In Paris, we’ve been dealing with onslaughts of chic coming from many designers who all seem to want to own that word in their unique way. Except the references are drawn from vaguely the same place – a late 50s to 70s film set where the female lead is always elegant, French and immaculately dressed. This mood didn’t escape Jean Paul Gaultier who turned back time from last season’s Kiss-rock antics and delighted the French crowd by opening with comedienne and actress Valerie Lemercier who quite possibly had the biggest bouffant one had ever seen on the catwalk.
All the better to slink around the catwalk with as she performed a semi-strip tease opening and closing the show. In between we got a great deal of riffing off that bourgeois conservatism that saw a supreme range of outerwear, mainly two-part knee length coats that would start with wool and end in a band of leather. Pussy bow blouses, trenches both long and short and charcoal grey suiting were also mainstays of these ladies-who-lunch look. You could never say these are conservative looks though as Gaultier pushes each ensemble to the outer regions of chic by glamping it all up with brocade, fur, leather and the greying beehive hair that made some of the models look like surreal entities.

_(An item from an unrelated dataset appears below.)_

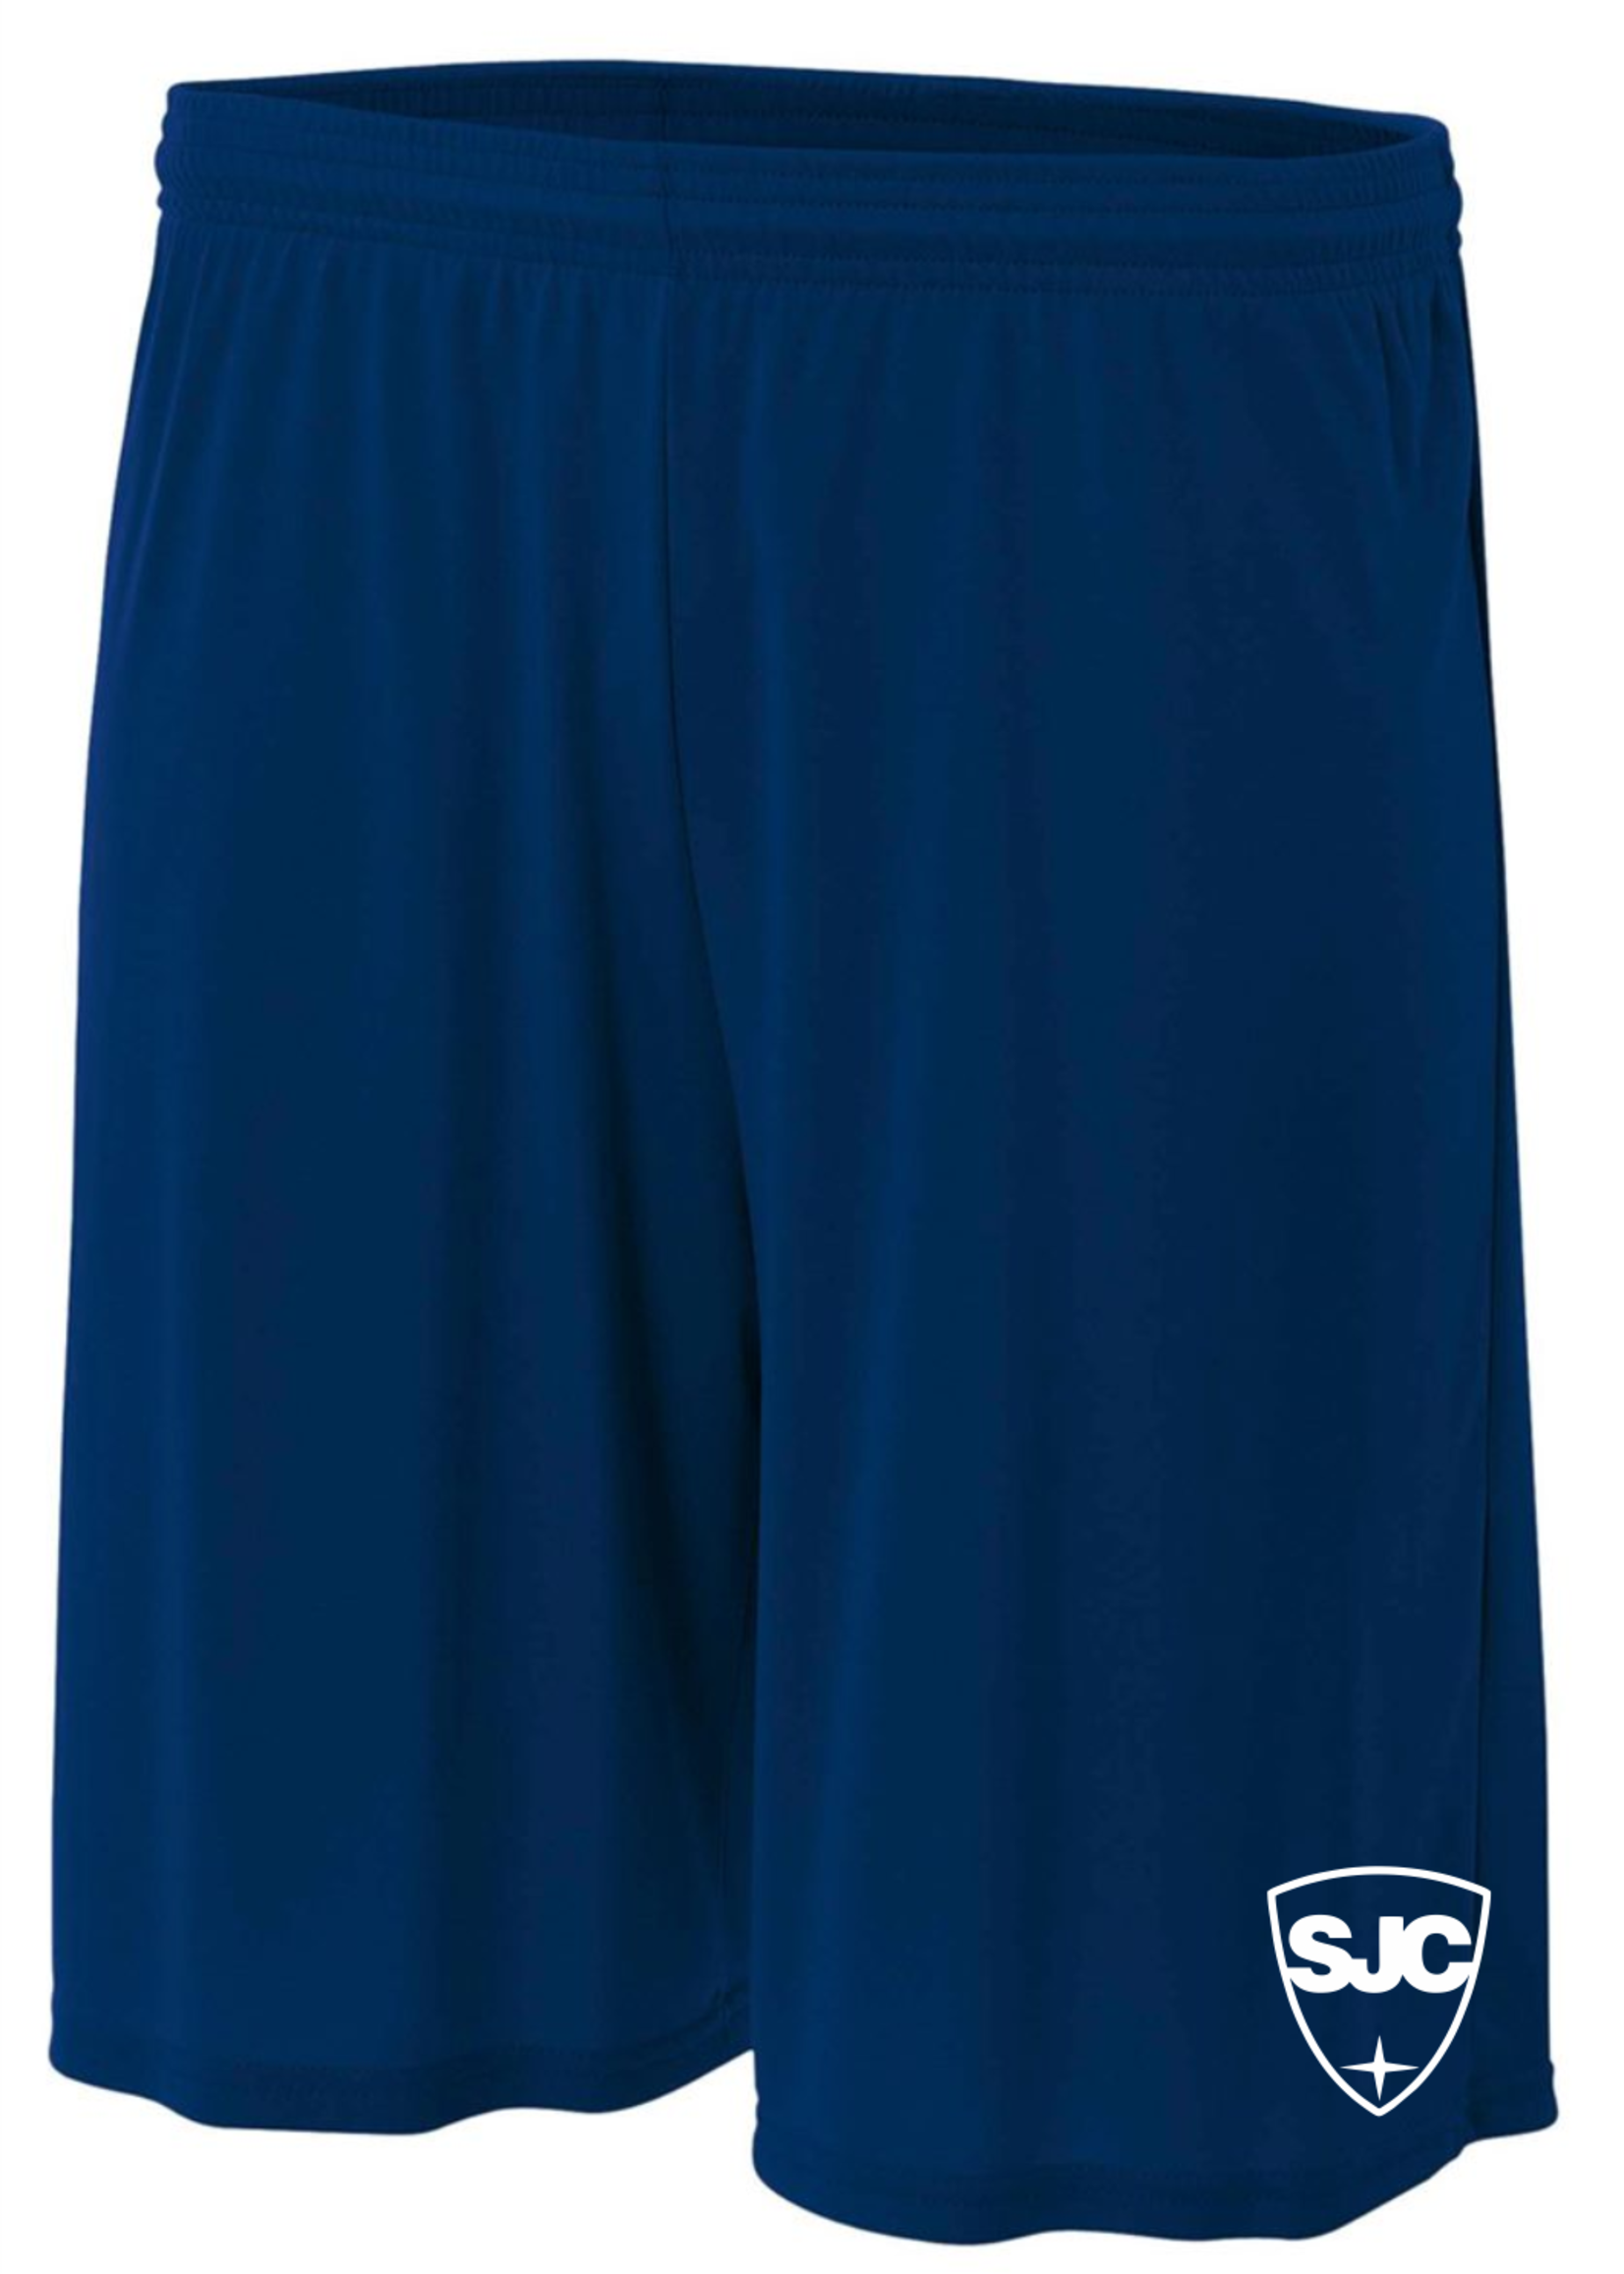 1540 SJC Dry Fit Shorts Navy - The Uniform Store
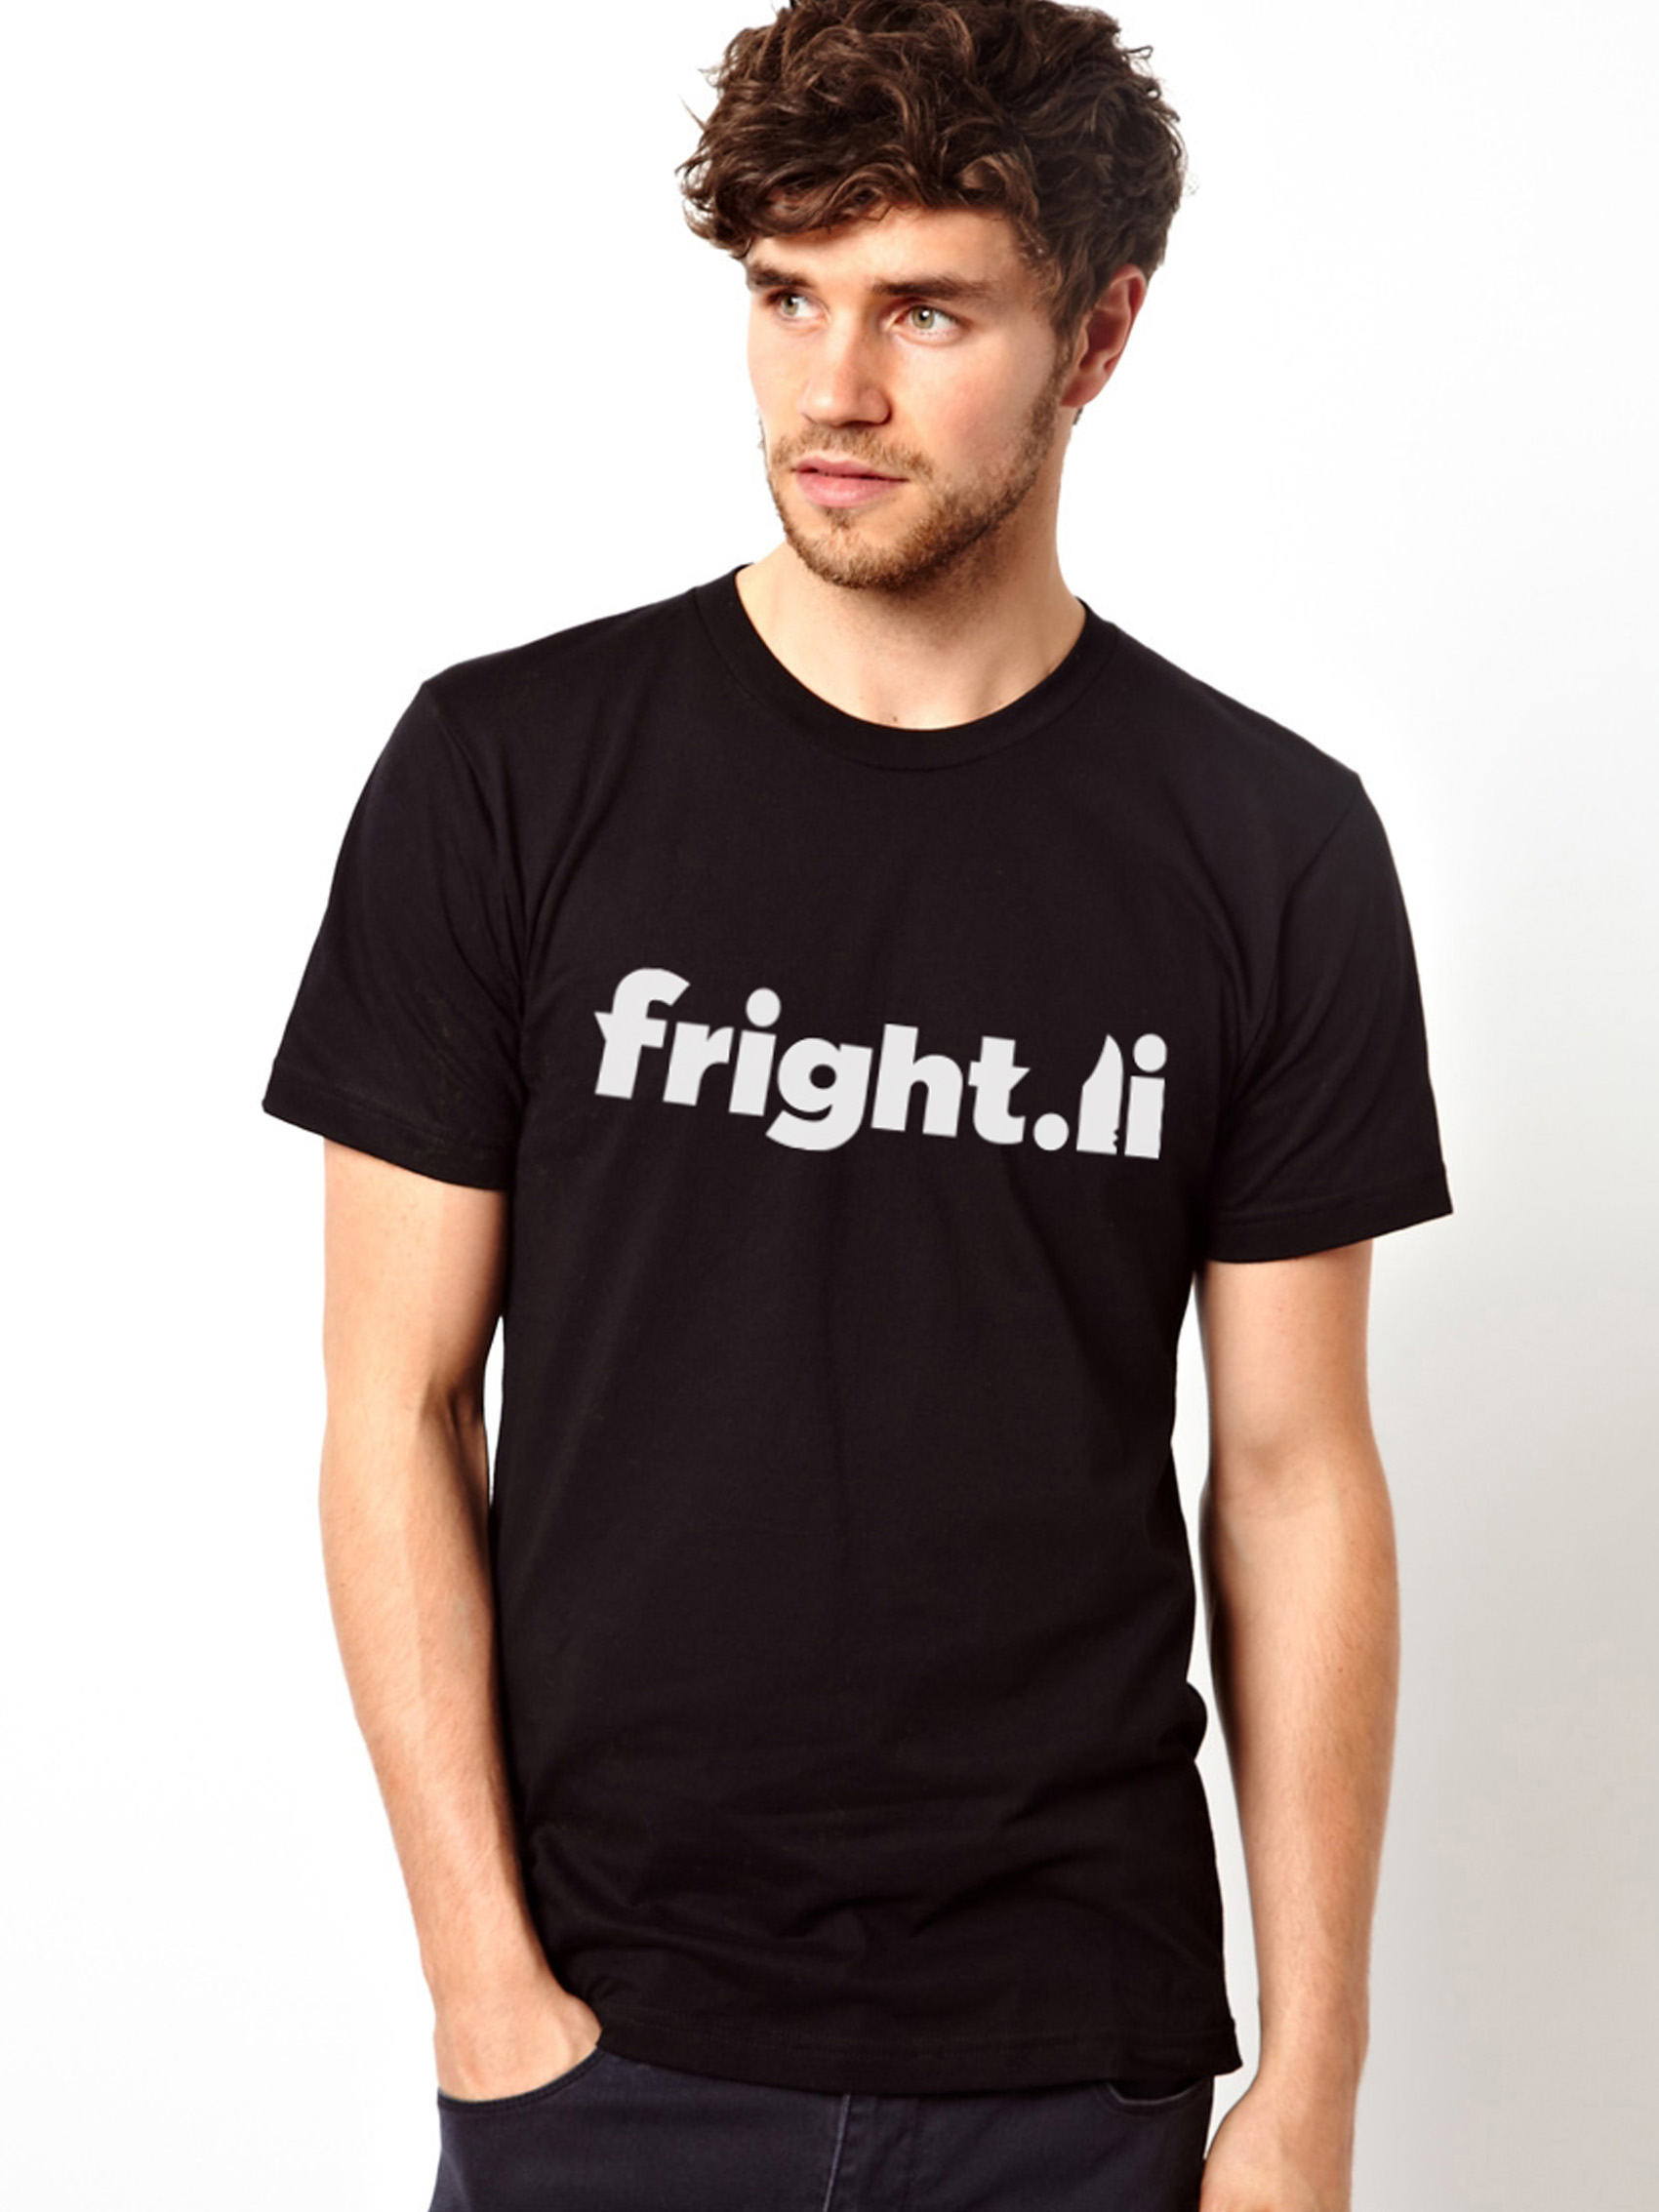 frightli-shirt

Nods to glamourous après-ski attire were made in the fur-trimmed ski jackets worn over trousers with stirrup. It probably wasn’t Gaultier’s reference but it felt a little Carry On-esque as each model threw their coats and jackets off onto the floor and had scarves trailing them. It was a demure chuckle from France’s enfant terrible rather than a collection that tried to go for maximum subversion and that resulted in some cheeky chic that will be pleasing to many.